Estimated price for a house of 1650 sq-ft and 3 bedrooms:  293098.4666757651 $


## Normal Equation

It is possible to show that the same optimized parameters found with Gradient Descent can be calculated in an elegant, efficient and closed form, using linear algebra. Specifically:
$$\theta = (X^T X)^{-1} X^Ty$$
Using this formula does not require any feature scaling, and you will get an exact solution in one calculation: there is no "loop until convergence" like in gradient descent.
This equation is preferred that Gradient Descent when the dataset is < 10000, otherwise Gradient Descent is preferred since it will converge faster. Furthermore, if the $X^T X$ does not admit inverse, this method cannot be applied.

In [25]:
def normalEquation(X, y):
    XTX_inv= np.linalg.inv(np.matmul(X.T, X))
    XTy = np.matmul(X.T, y)
    theta = np.matmul(XTX_inv, XTy)
    return theta

In [26]:
data = np.loadtxt('ex1data2.txt', delimiter=',')
X = data[:, 0:2]
y = data[:, 2]
y = y.reshape(y.shape[0], 1)

In [27]:
# adding the intercept
X = np.c_[np.ones(X.shape[0]), X]

In [28]:
theta = normalEquation(X, y)
print("Theta found by gradient descent: intercept={0}, slope1={1}, slope2={2} ".format(theta[0],theta[1],theta[2]))

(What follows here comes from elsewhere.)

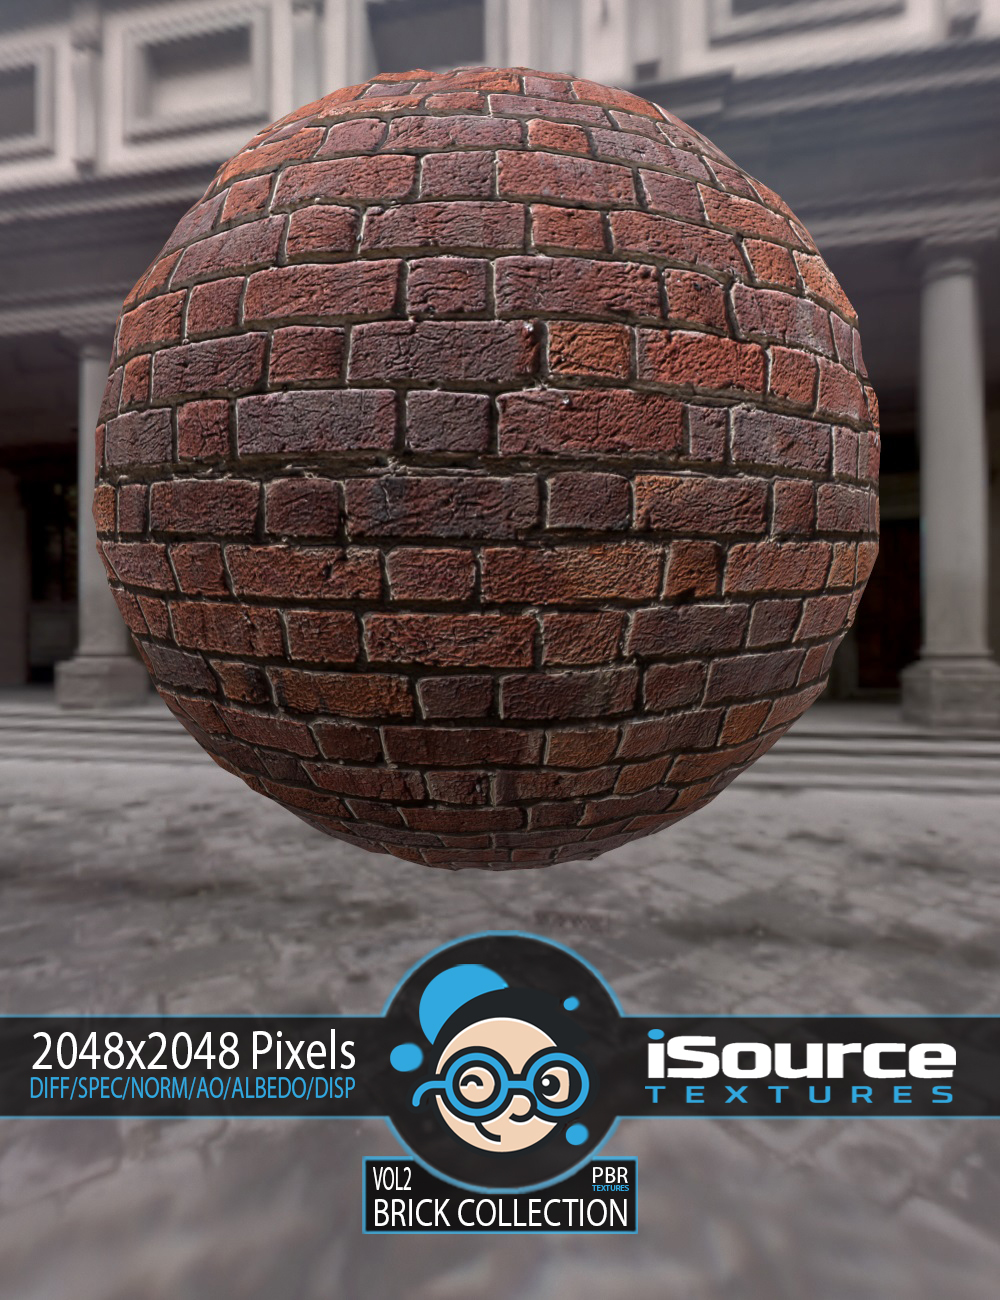 Brick Collection Merchant Resource - Vol2 (PBR Textures) by: iSourceTextures, 3D Models by Daz 3D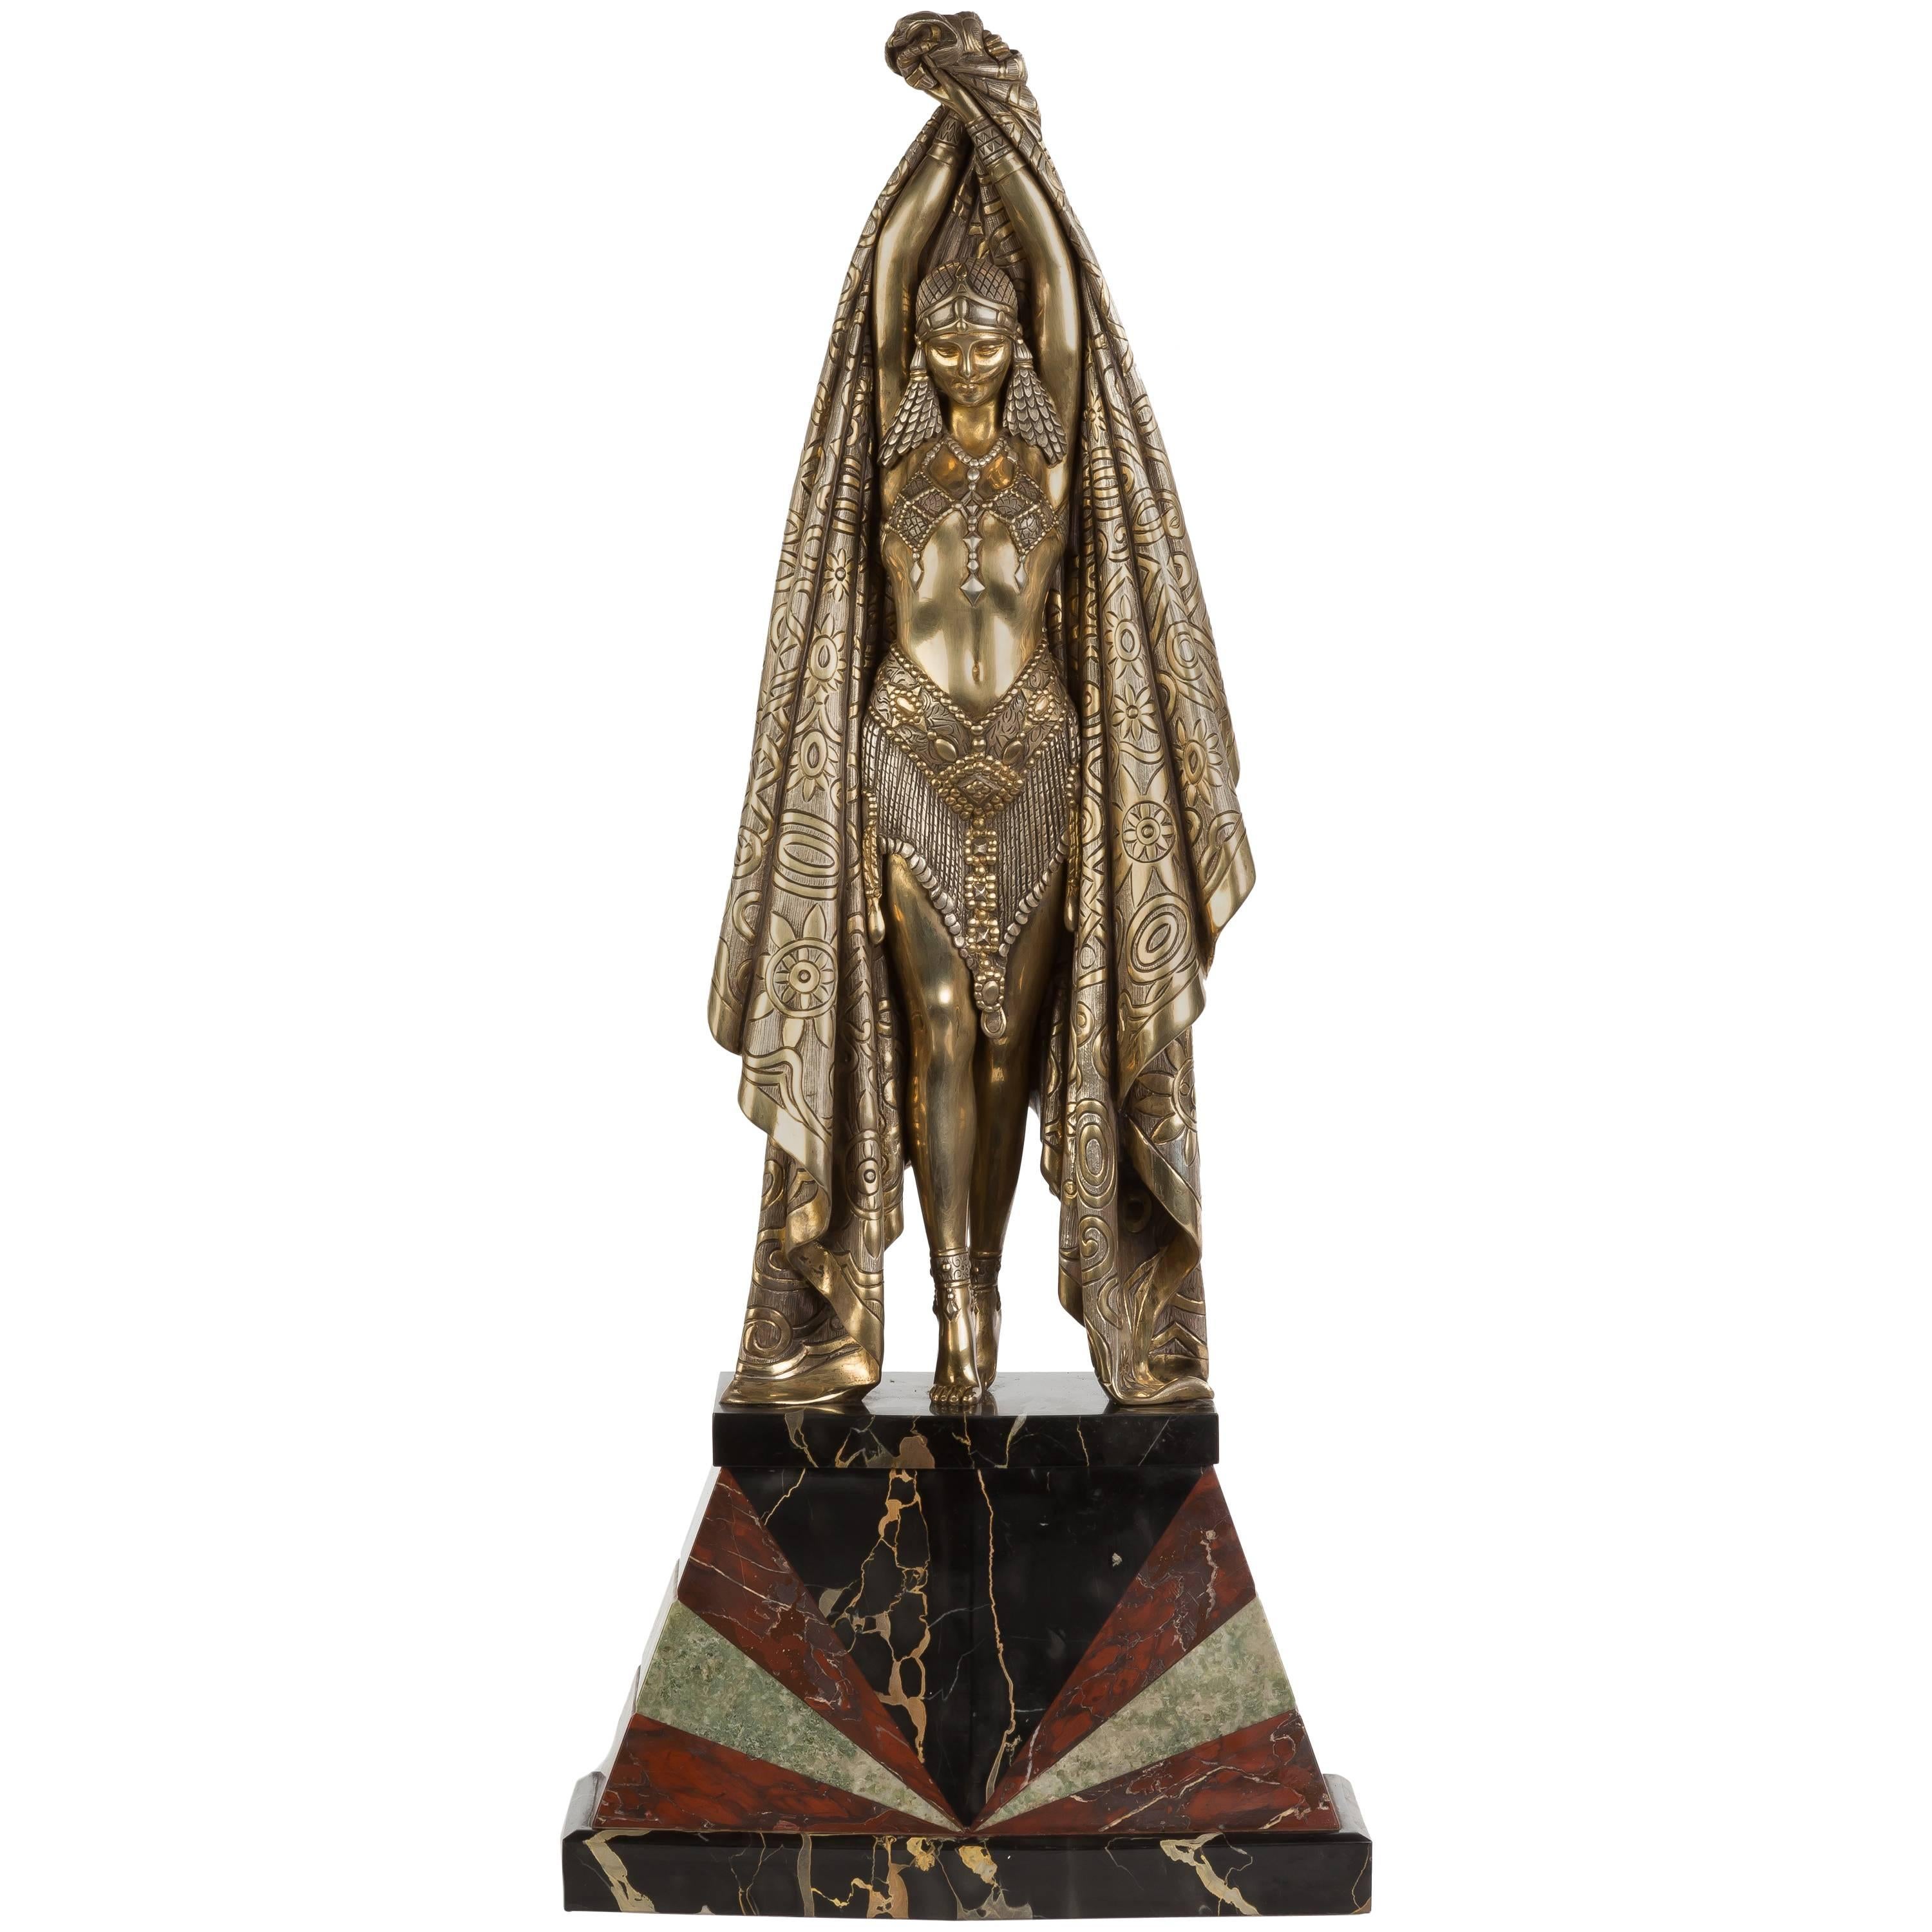 Demetre Chiparus Art Deco Bronze Sculpture "Antinea", circa 1925

Theta found by gradient descent: intercept=[89597.9095428], slope1=[139.21067402], slope2=[-8738.01911233] 


In [29]:
new = np.array([[1, 1650, 3]])
print("Estimated price for a house of 1650 sq-ft and 3 bedrooms: ", np.dot(new, theta)[0][0], "$")

Estimated price for a house of 1650 sq-ft and 3 bedrooms:  293081.4643348931 $


As you can notice, we obtained a predicted value very similar to the value we got earlier using Gradient Descent, which is: 293098.4666757651 $.

## Compare our implementation to sklearn

In [30]:
import matplotlib.pyplot as plt
import numpy as np
from sklearn import datasets, linear_model
from sklearn.metrics import mean_squared_error, r2_score

In [31]:
data = np.loadtxt('ex1data2.txt', delimiter=',')
X = data[:, 0:2]
y = data[:, 2]
y = y.reshape(y.shape[0], 1)

In [32]:
# adding the intercept term
X = np.c_[np.ones(X.shape[0]), X]

In [33]:
# create linear regression object
regr = linear_model.LinearRegression()

# train the model using the training set
regr.fit(X, y)

# make prediction
y_pred_regr = regr.predict(X)

**theta** are the parameters we found before with Normal Equation.

In [34]:
# compare sklearn with my implementation using mean_squared_error
error = mean_squared_error(np.matmul(X, theta), y_pred_regr)
print("Error between my implementation and sklearn implementation is: ", error)

Error between my implementation and sklearn implementation is:  9.454185273745276e-18


You can see that the mean squared error is really small! Great!